▸ **WHAT NEEDS TO BE DONE**
Reproduce the data in full, exactly as given, leaving images out.

▸ **COLLECTED DATA**
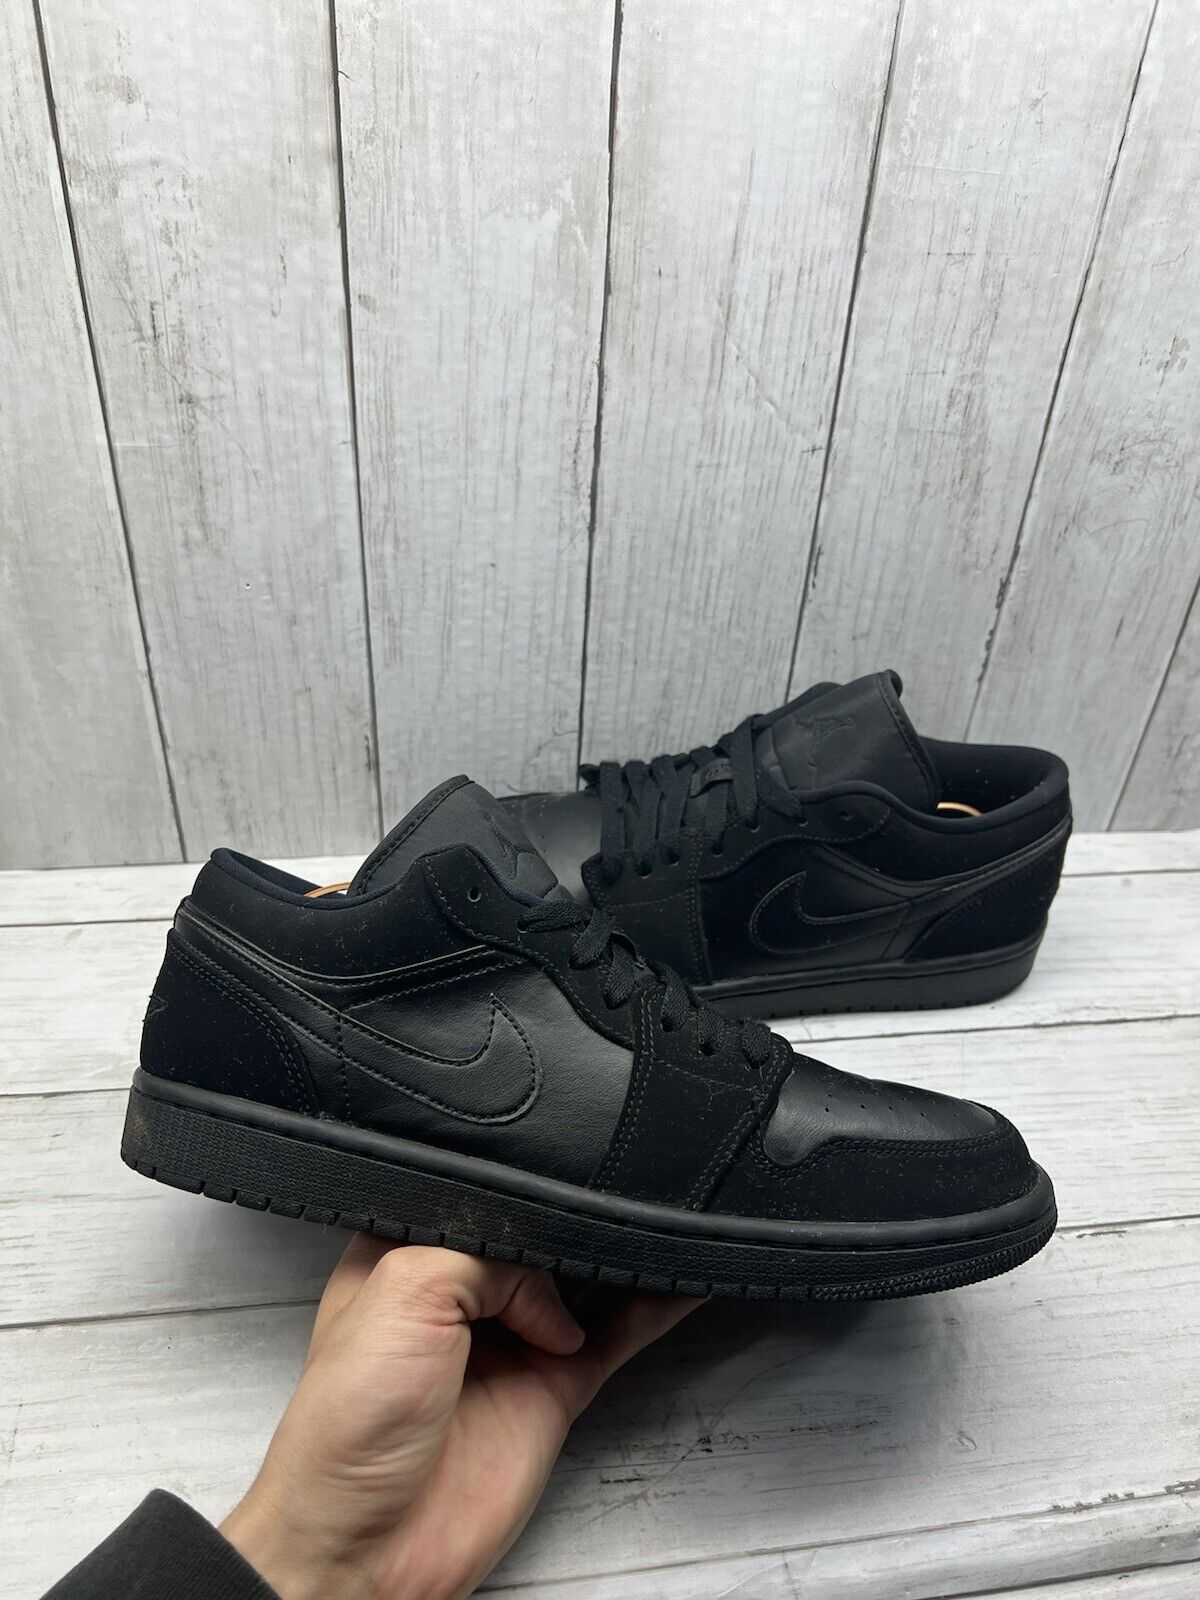 Nike Air Jordan Retro 1 Low Triple Black Shoes Sneakers Mens Size 9 553558-025
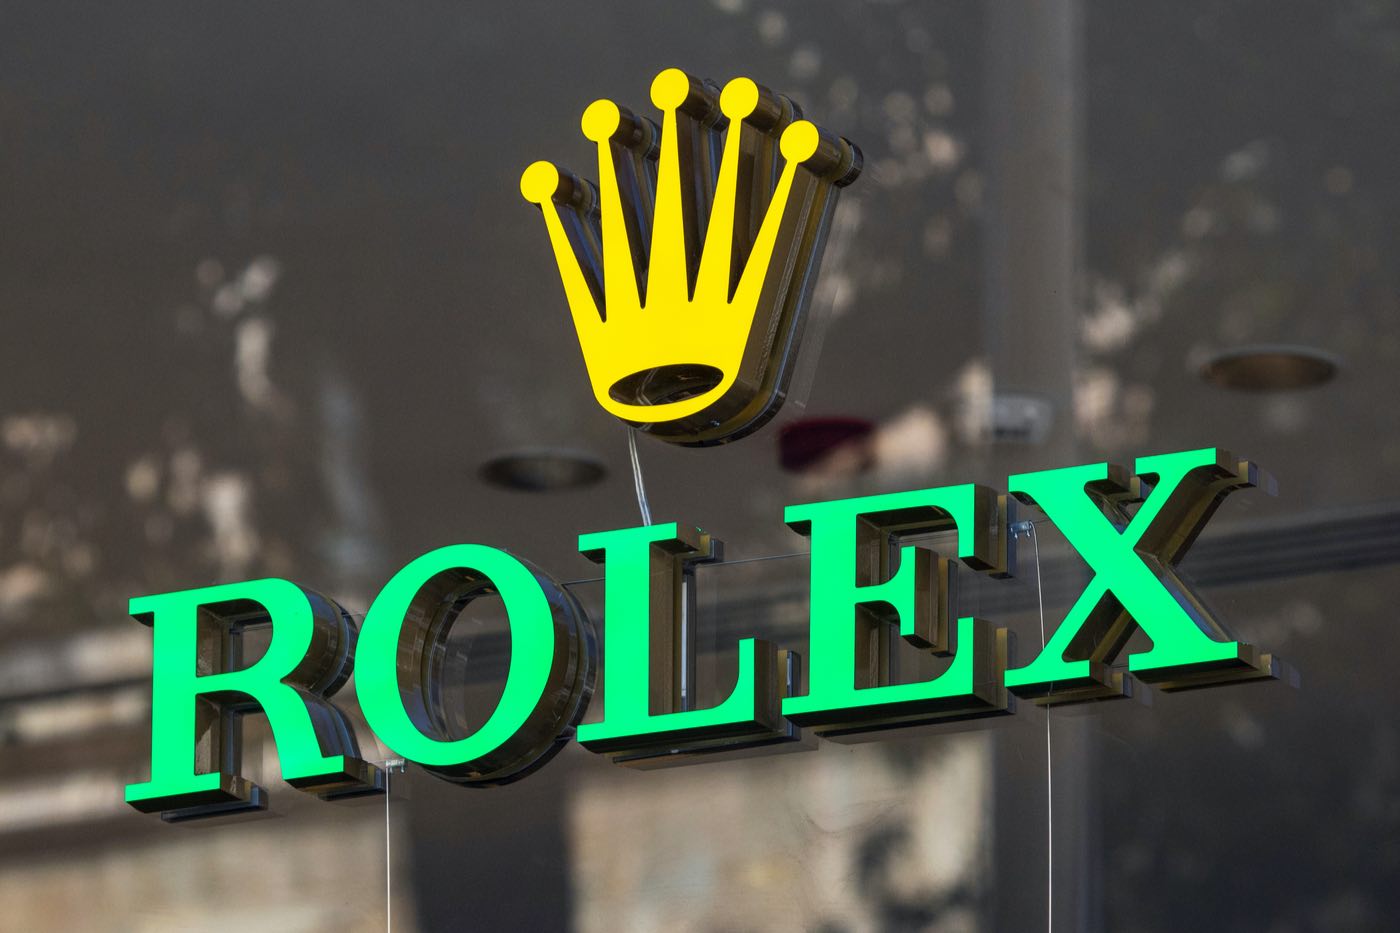 Cómo Rolex se convirtió en la marca de relojes de lujo #1 del mundo.
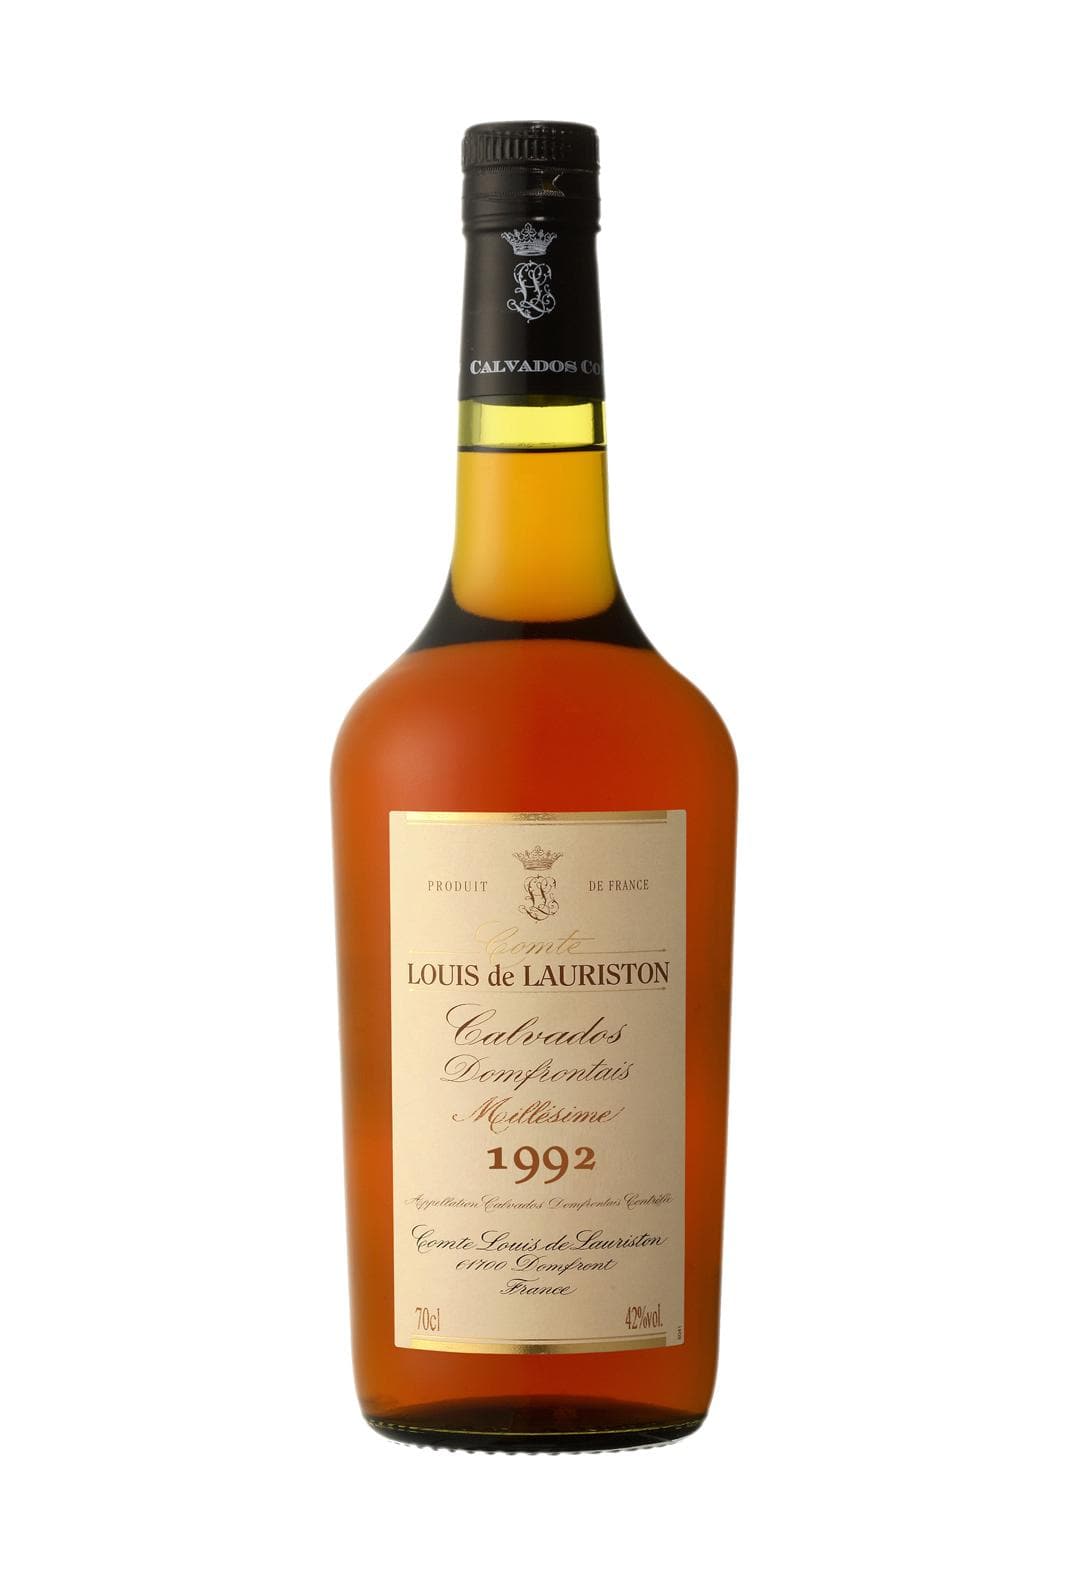 Comte Louis de Lauriston Calvados Domfrontais 1992 42% 700ml | Brandy | Shop online at Spirits of France

▸ **EXERCISE SOLUTION**
 Nike Air Jordan Retro 1 Low Triple Black Shoes Sneakers Mens Size 9 553558-025
 Cómo Rolex se convirtió en la marca de relojes de lujo #1 del mundo.
 Comte Louis de Lauriston Calvados Domfrontais 1992 42% 700ml | Brandy | Shop online at Spirits of France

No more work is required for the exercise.